__Task statement__.
Every line below should be copied exactly; drop the pictures.

__Supplied data__.

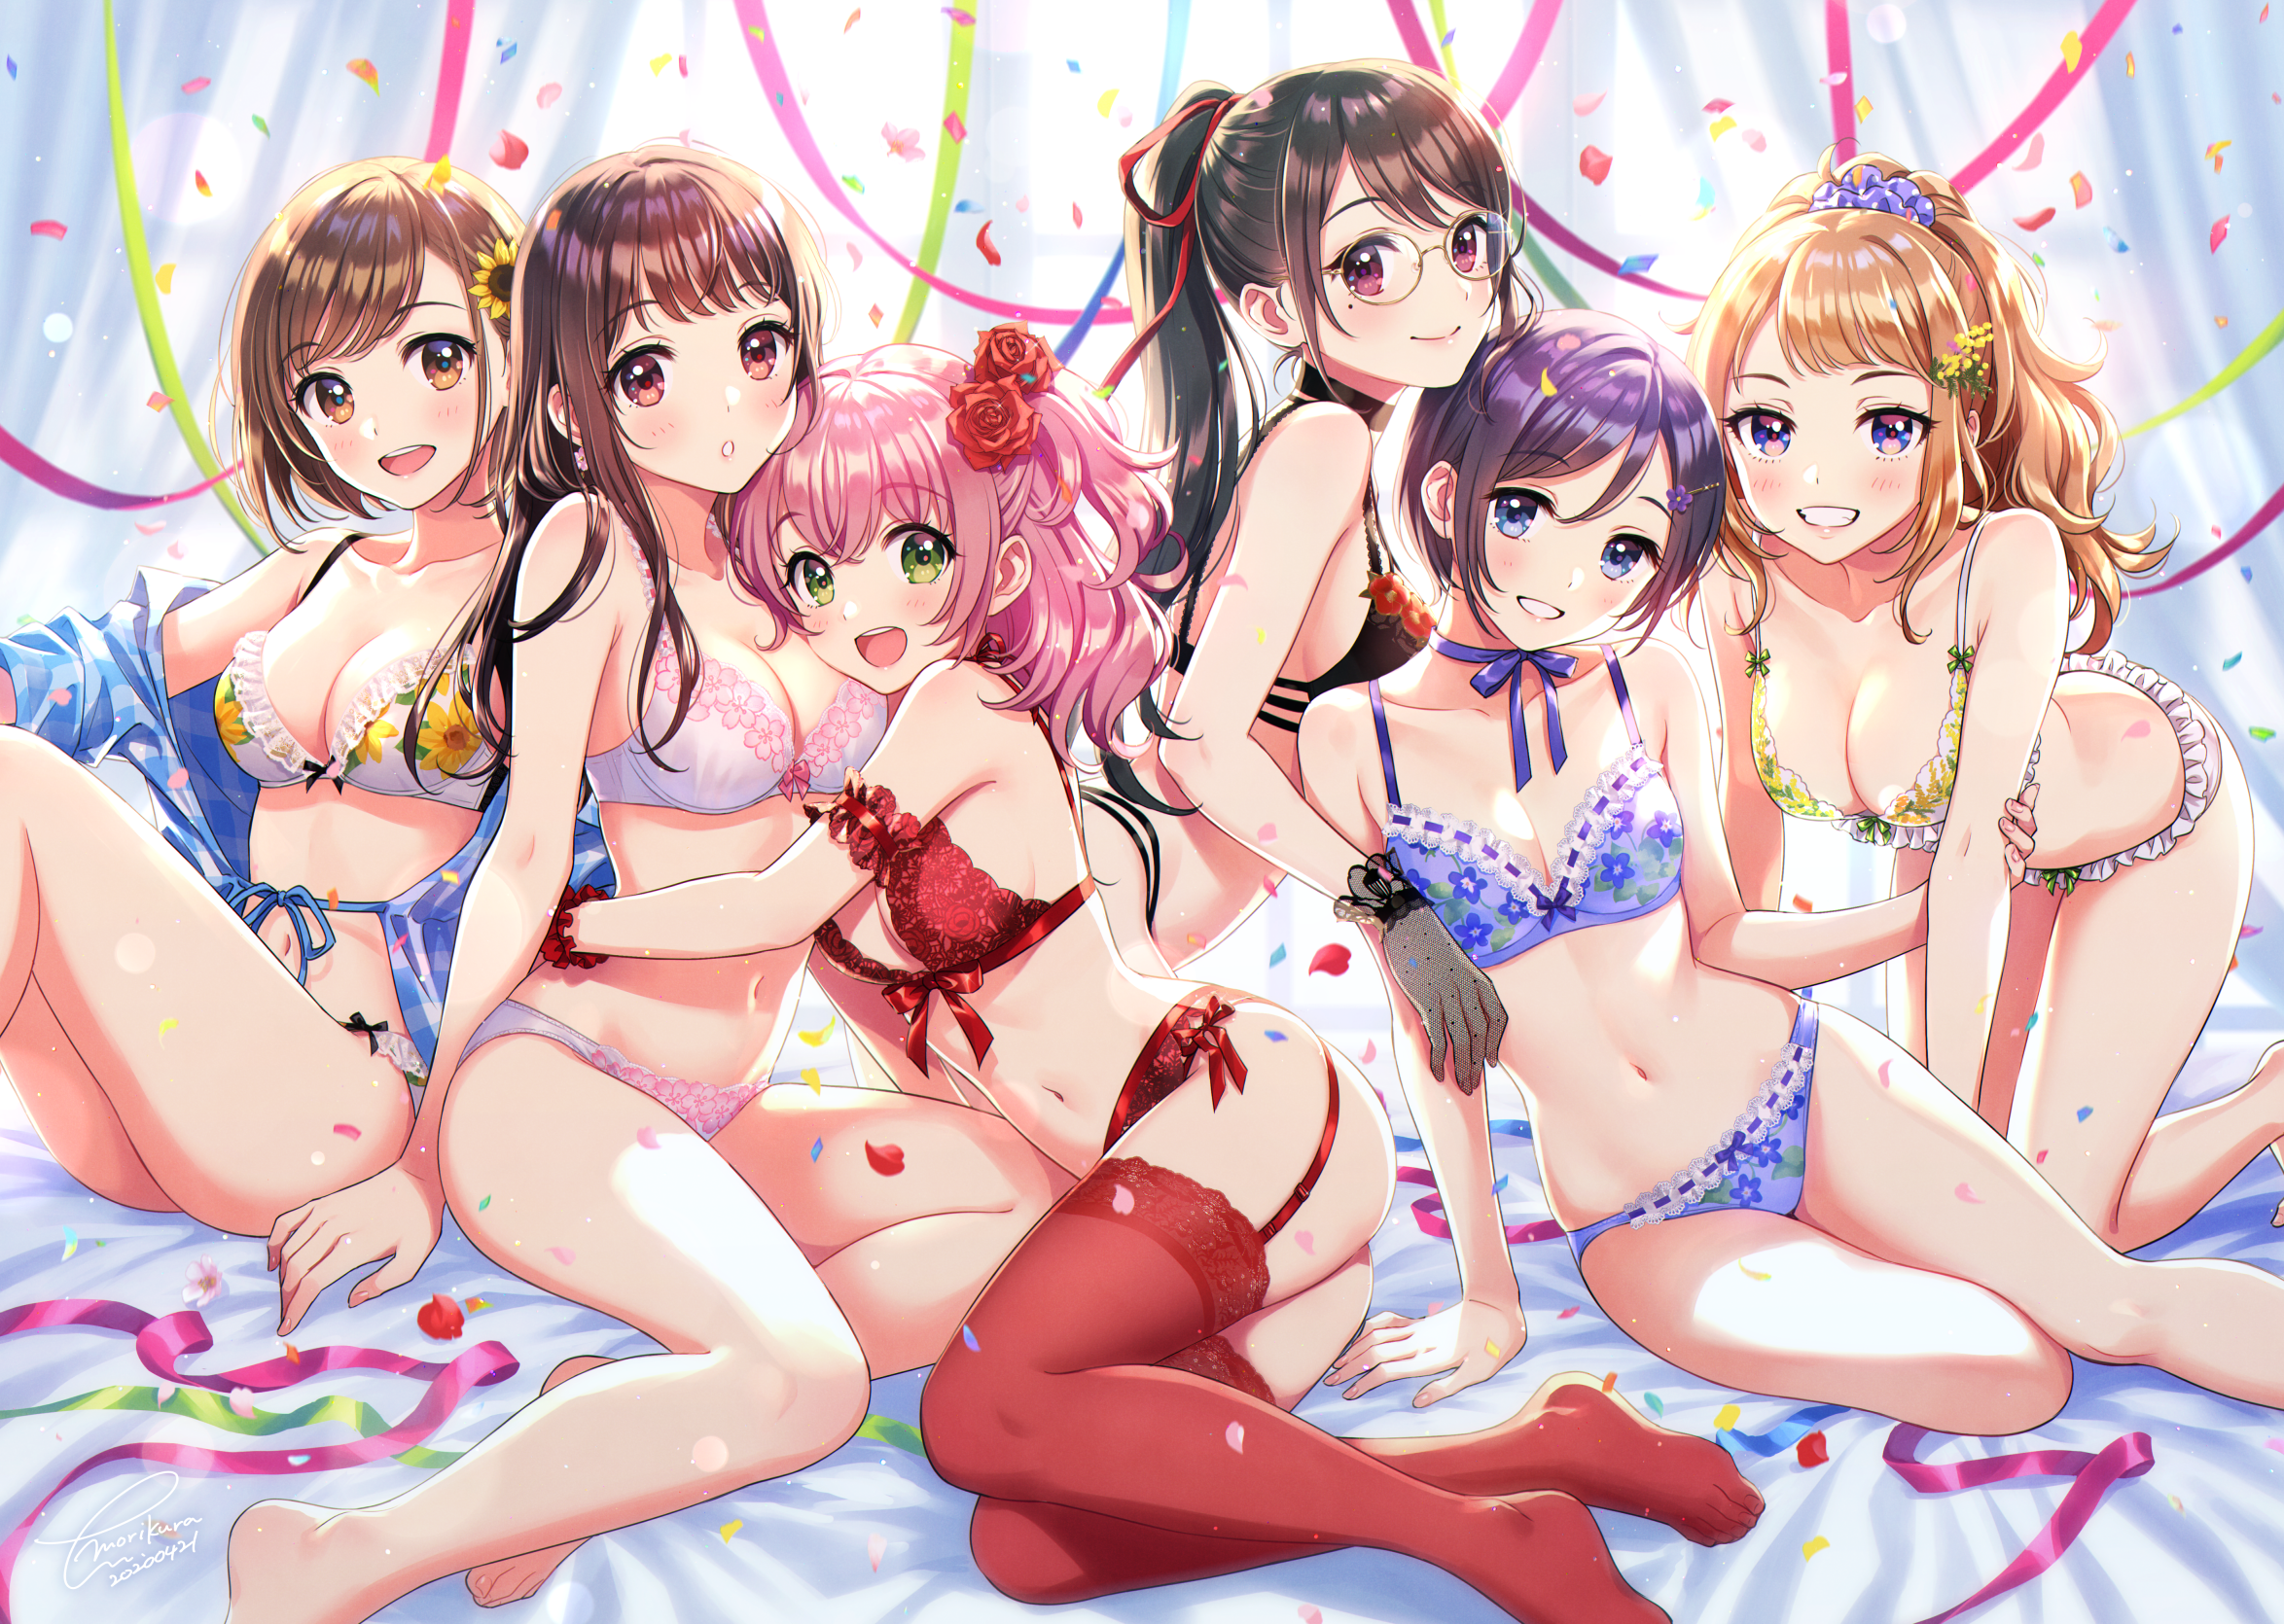 Anime 2348x1670 anime anime girls digital art artwork 2D portrait Morikura En group of women underwear cleavage looking at viewer
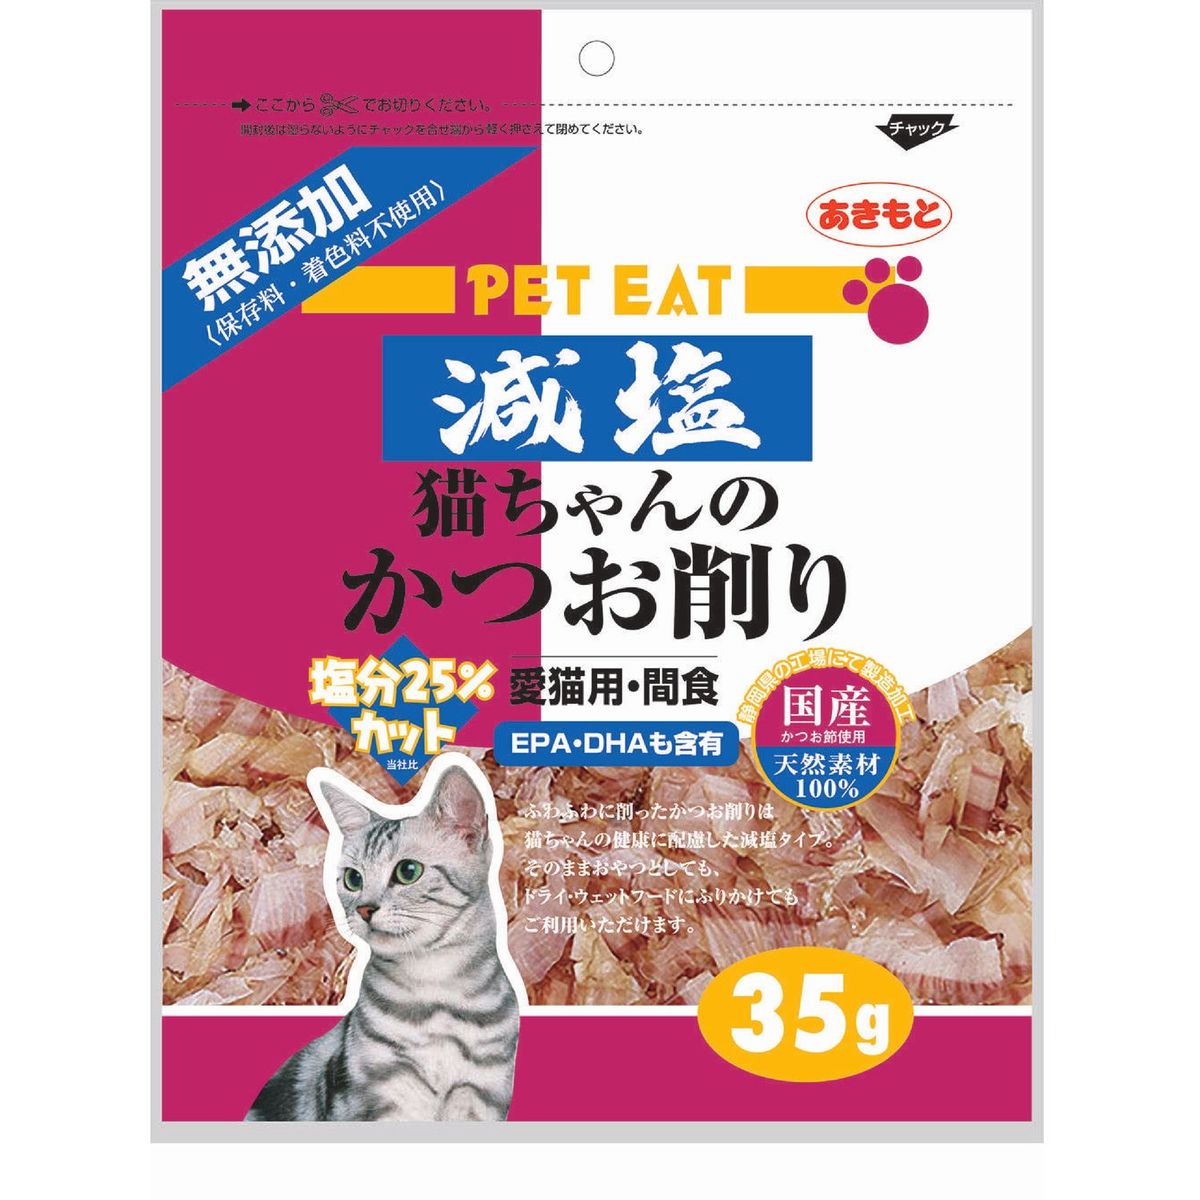 ペットイート減塩猫チャンノカツオ削リ 35g×48
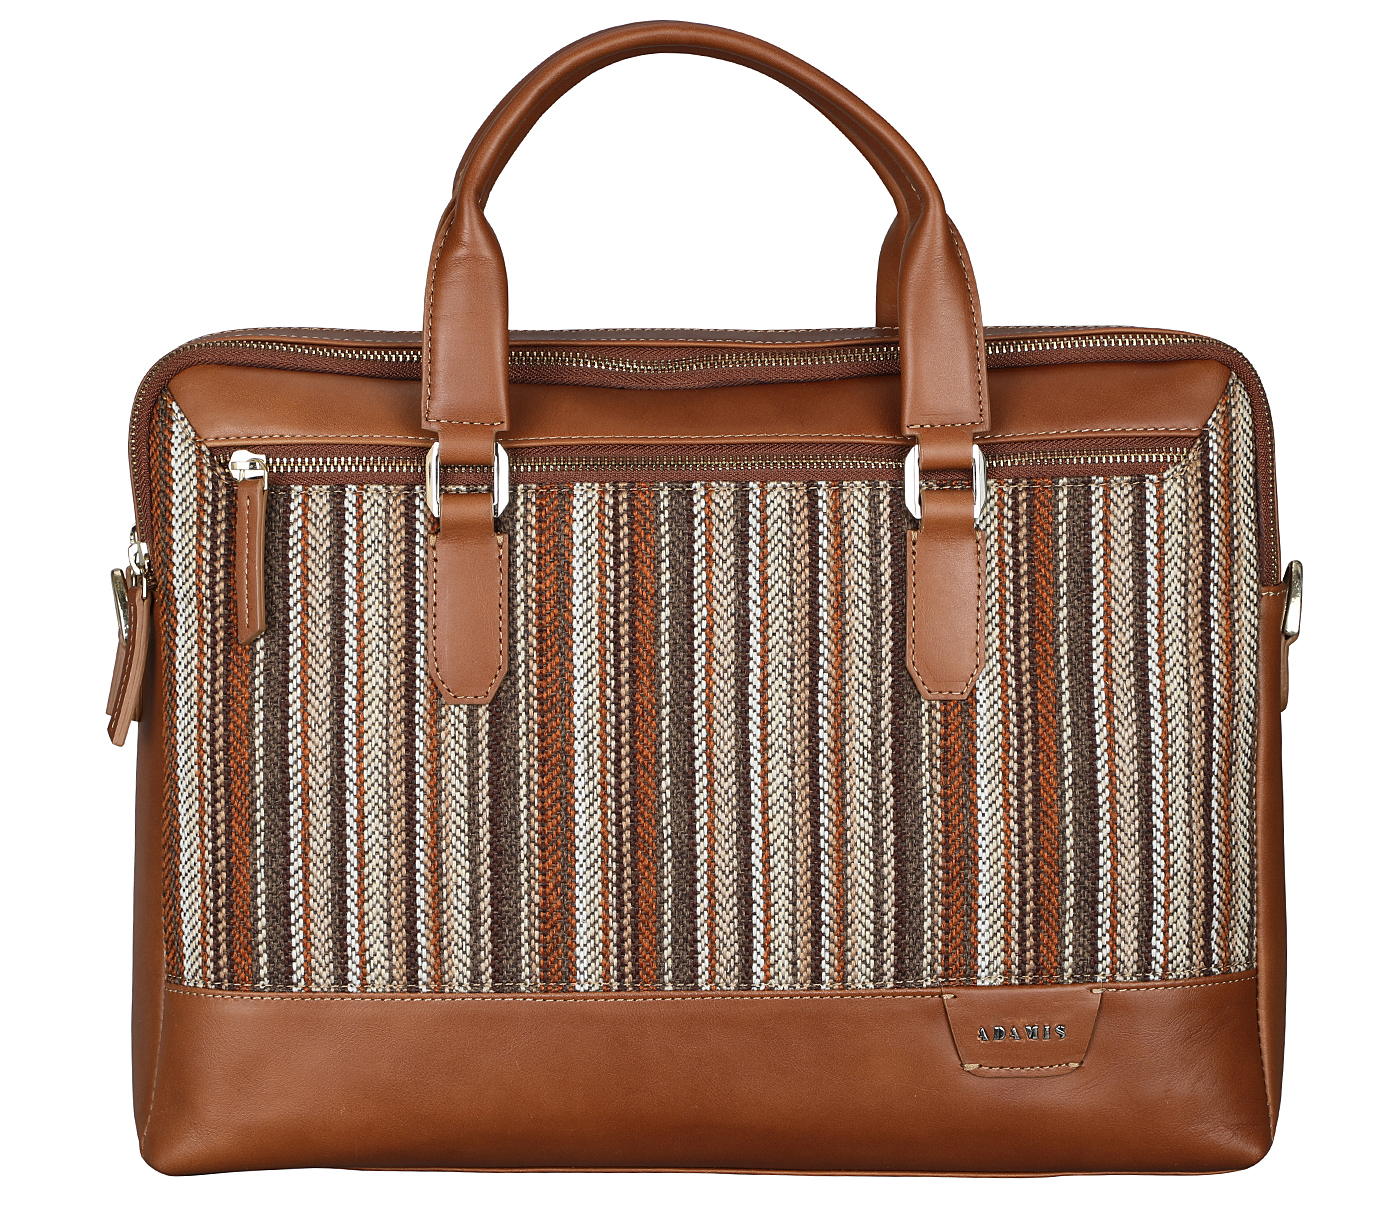 Portfolio / Laptop Bag-Alvaro-Laptop cum portfolio bag in Multi colored Stripes print fabric with Genuine Leather combination - Tan

__Exercise result__.
 Anime 2348x1670 anime anime girls digital art artwork 2D portrait Morikura En group of women underwear cleavage looking at viewer
 ペットイート減塩猫チャンノカツオ削リ 35g×48
 Portfolio / Laptop Bag-Alvaro-Laptop cum portfolio bag in Multi colored Stripes print fabric with Genuine Leather combination - Tan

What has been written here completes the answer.